__What the task requires__
Every line of the material must be restated exactly, though not its pictures.
BEGIN Data provided
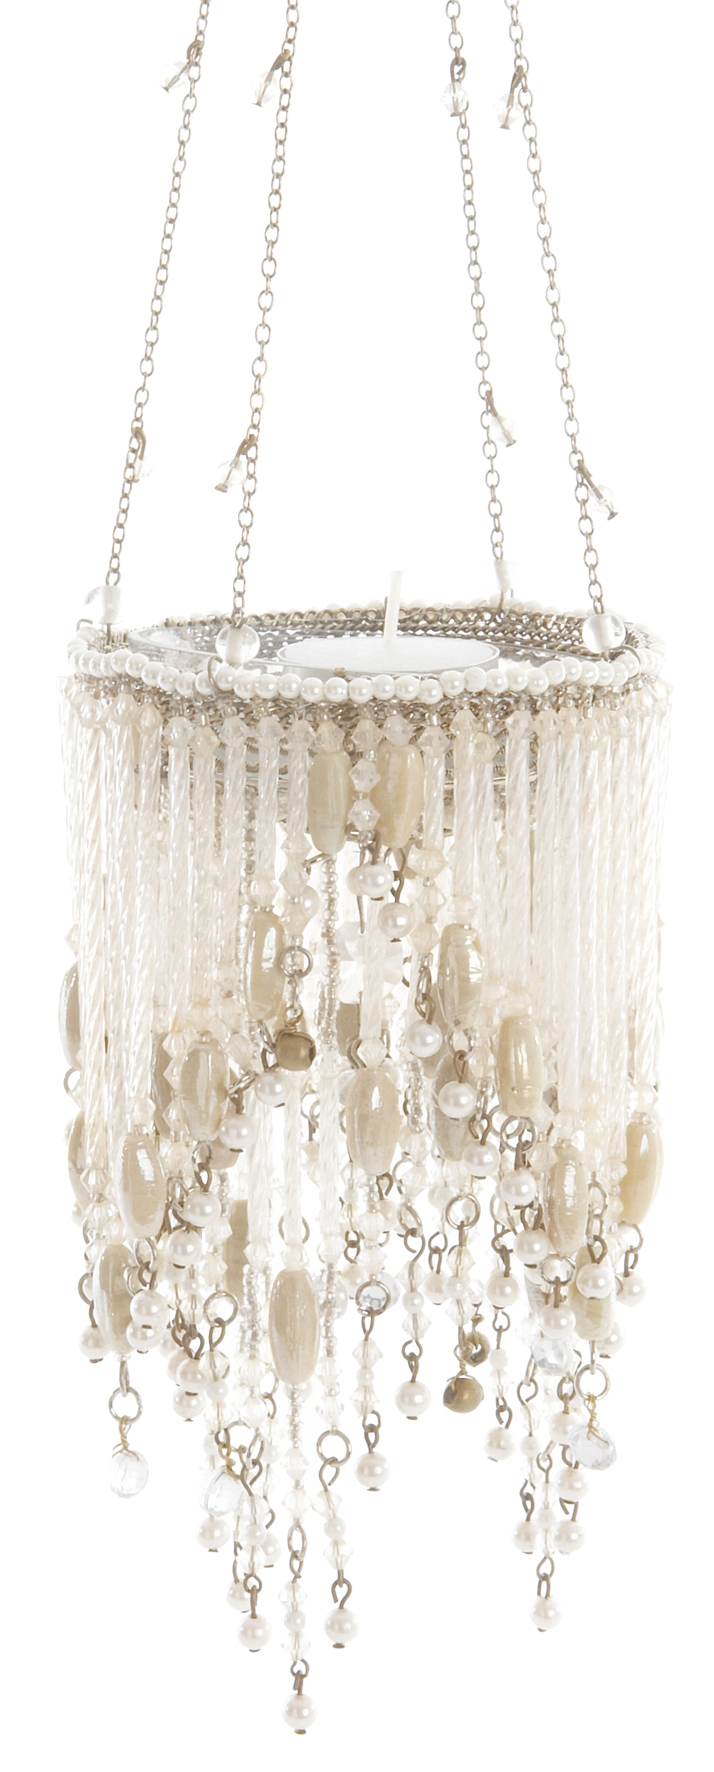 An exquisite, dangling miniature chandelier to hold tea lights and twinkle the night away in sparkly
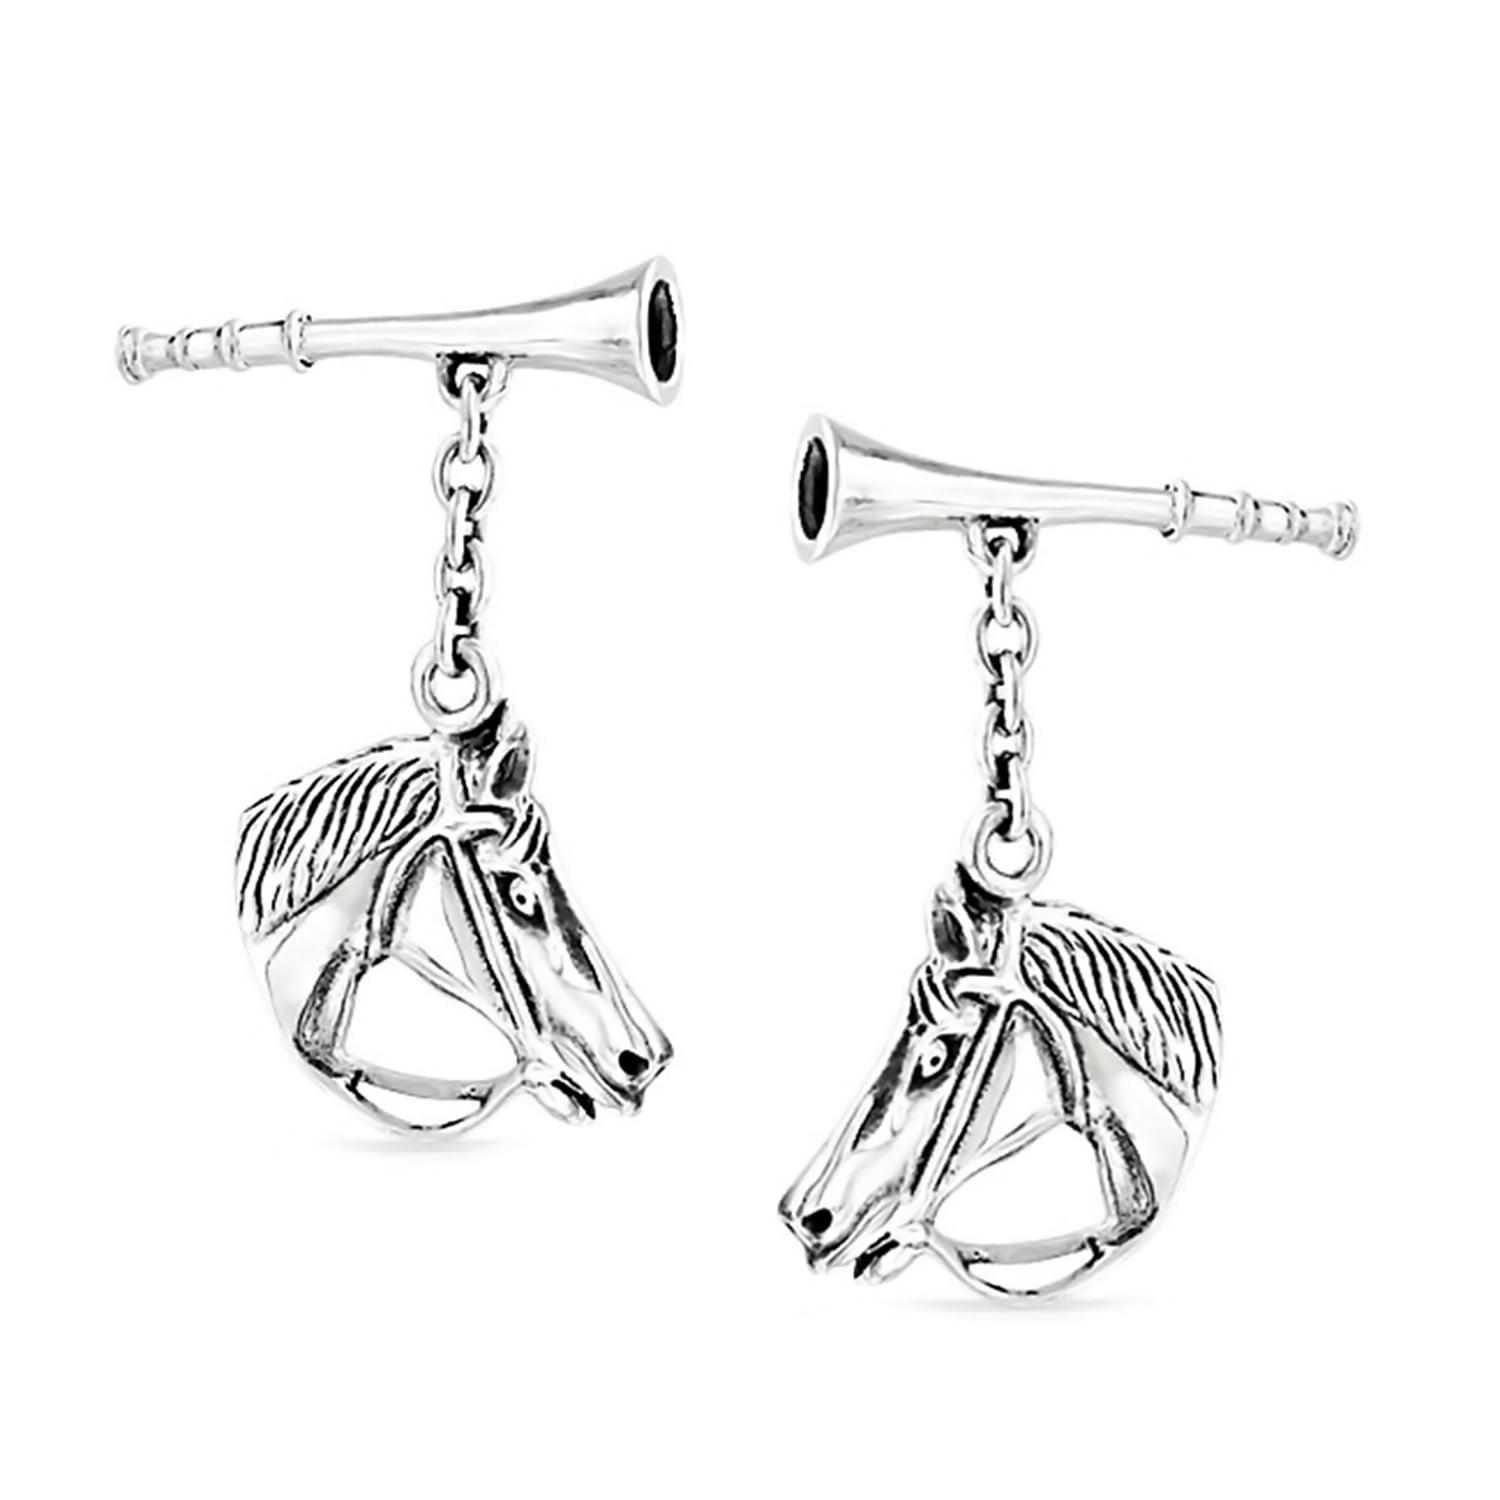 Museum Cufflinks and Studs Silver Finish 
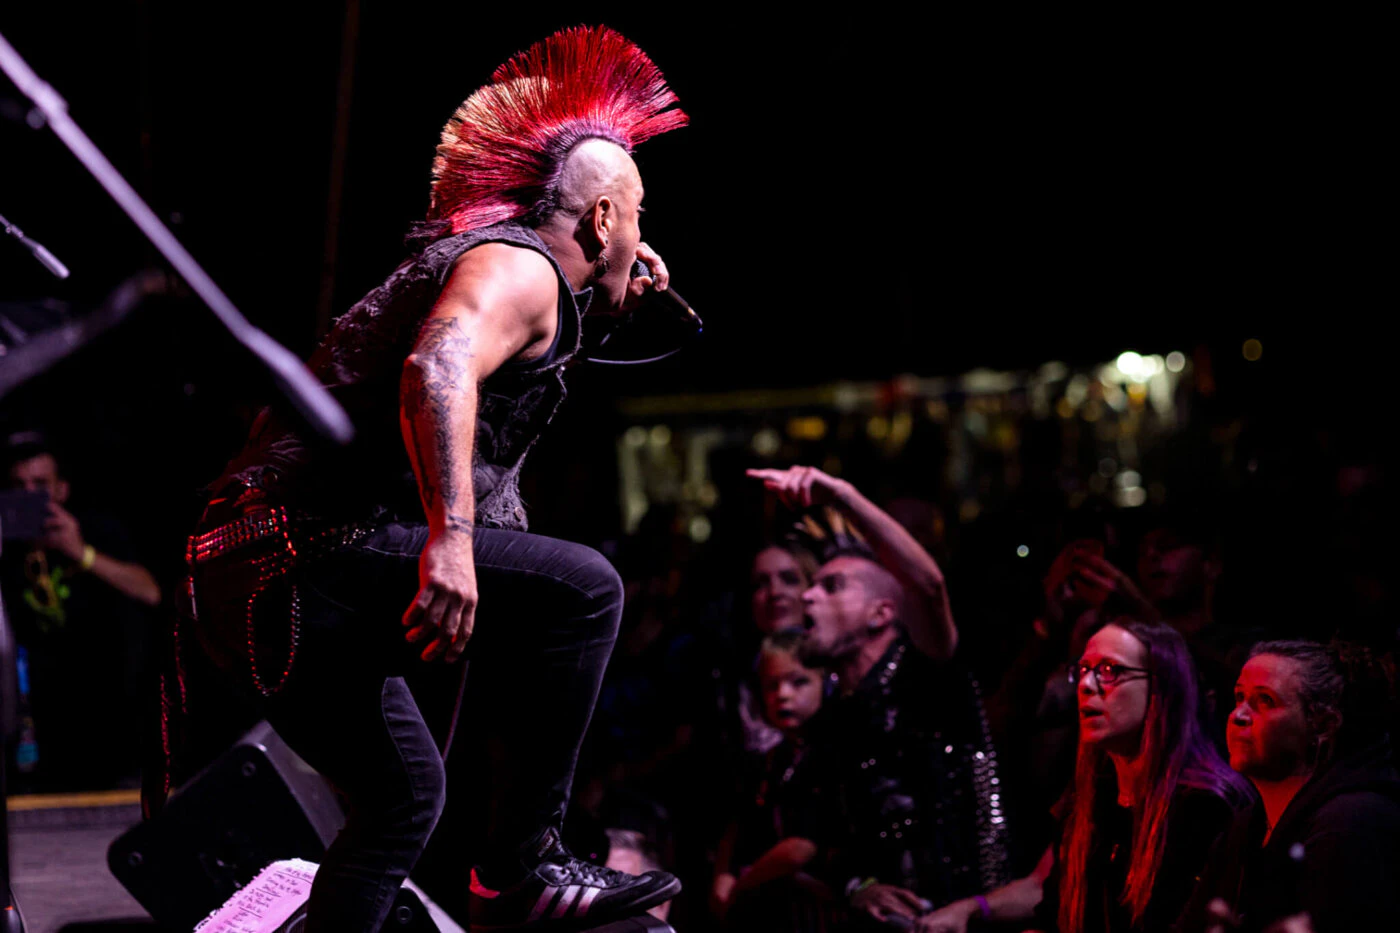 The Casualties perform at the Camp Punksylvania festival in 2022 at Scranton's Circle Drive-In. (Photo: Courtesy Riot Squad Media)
END Data provided
__Response to this exercise__
 An exquisite, dangling miniature chandelier to hold tea lights and twinkle the night away in sparkly
 Museum Cufflinks and Studs Silver Finish 
 The Casualties perform at the Camp Punksylvania festival in 2022 at Scranton's Circle Drive-In. (Photo: Courtesy Riot Squad Media)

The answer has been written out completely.